Open Bug 541207 Opened 15 years ago Updated 2 years ago

Make gloda's files not be backed up by Time Machine.

Categories

(Thunderbird :: OS Integration, defect)

x86
macOS
defect

Tracking

(Not tracked)

People

(Reporter: bwinton, Unassigned)

References

(Blocks 1 open bug)

Details

(Keywords: student-project, Whiteboard: [Highly questionable: See comment #15])
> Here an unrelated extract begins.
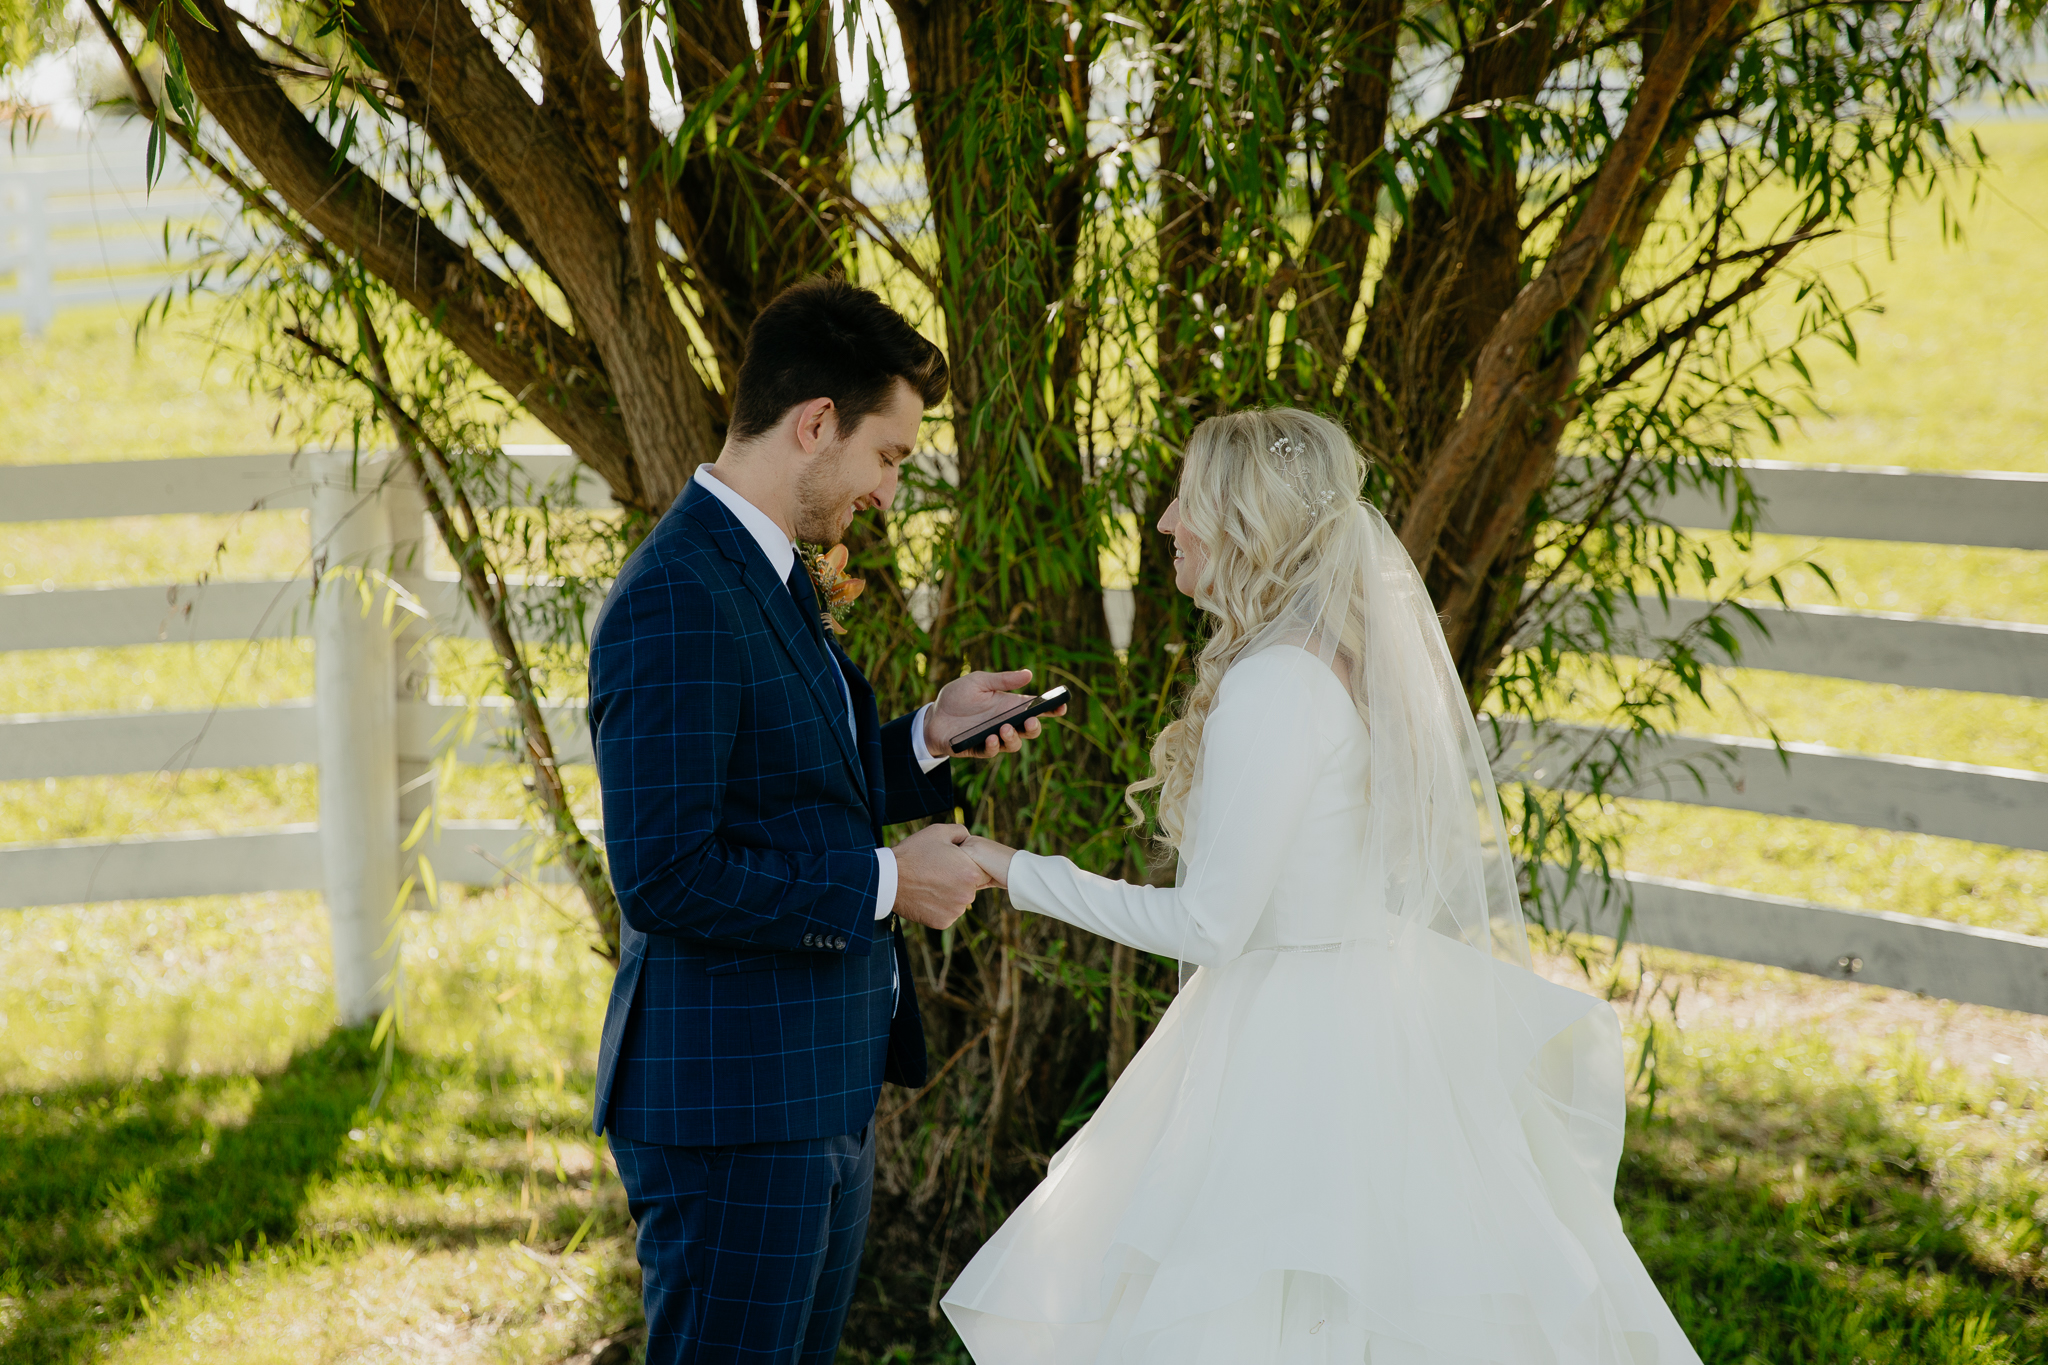 Groom reads vows to bride underneath a willow tree on his phone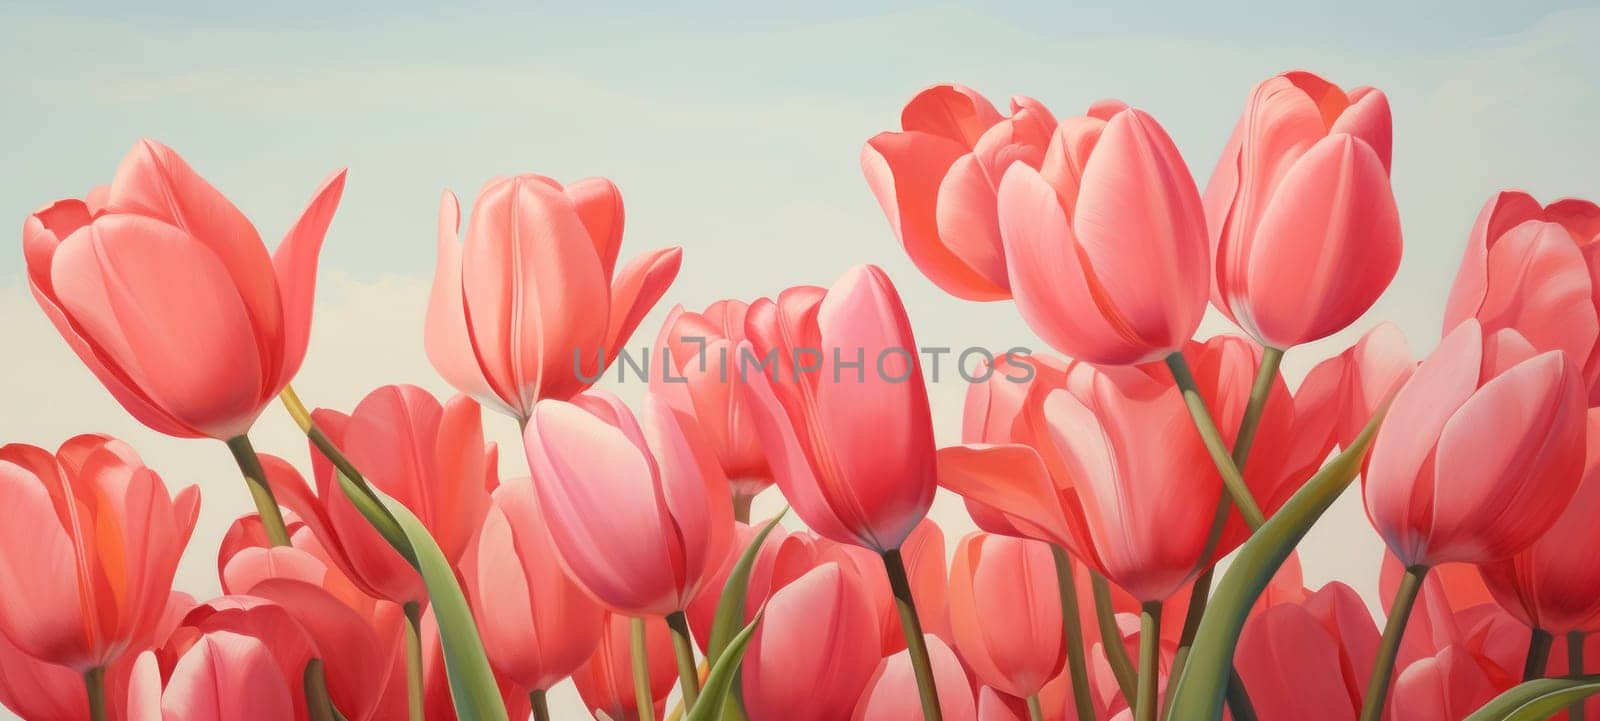 A beautiful close-up of pink tulips with a soft focus background, highlighting the spring season.

Apparently you can just set something, somewhere, so I'll do a little investigation, and hopefully come up with something nice.

(Unless someone else wants to grab it, in which case I'll happily give it over to them.)

Later,
Blake.
Assignee: bwinton → nobody
Component: Search → OS Integration
QA Contact: search → os-integration
Looks like there's no programmatic way to do this:
http://support.apple.com/kb/ht1427 (search for "exclude")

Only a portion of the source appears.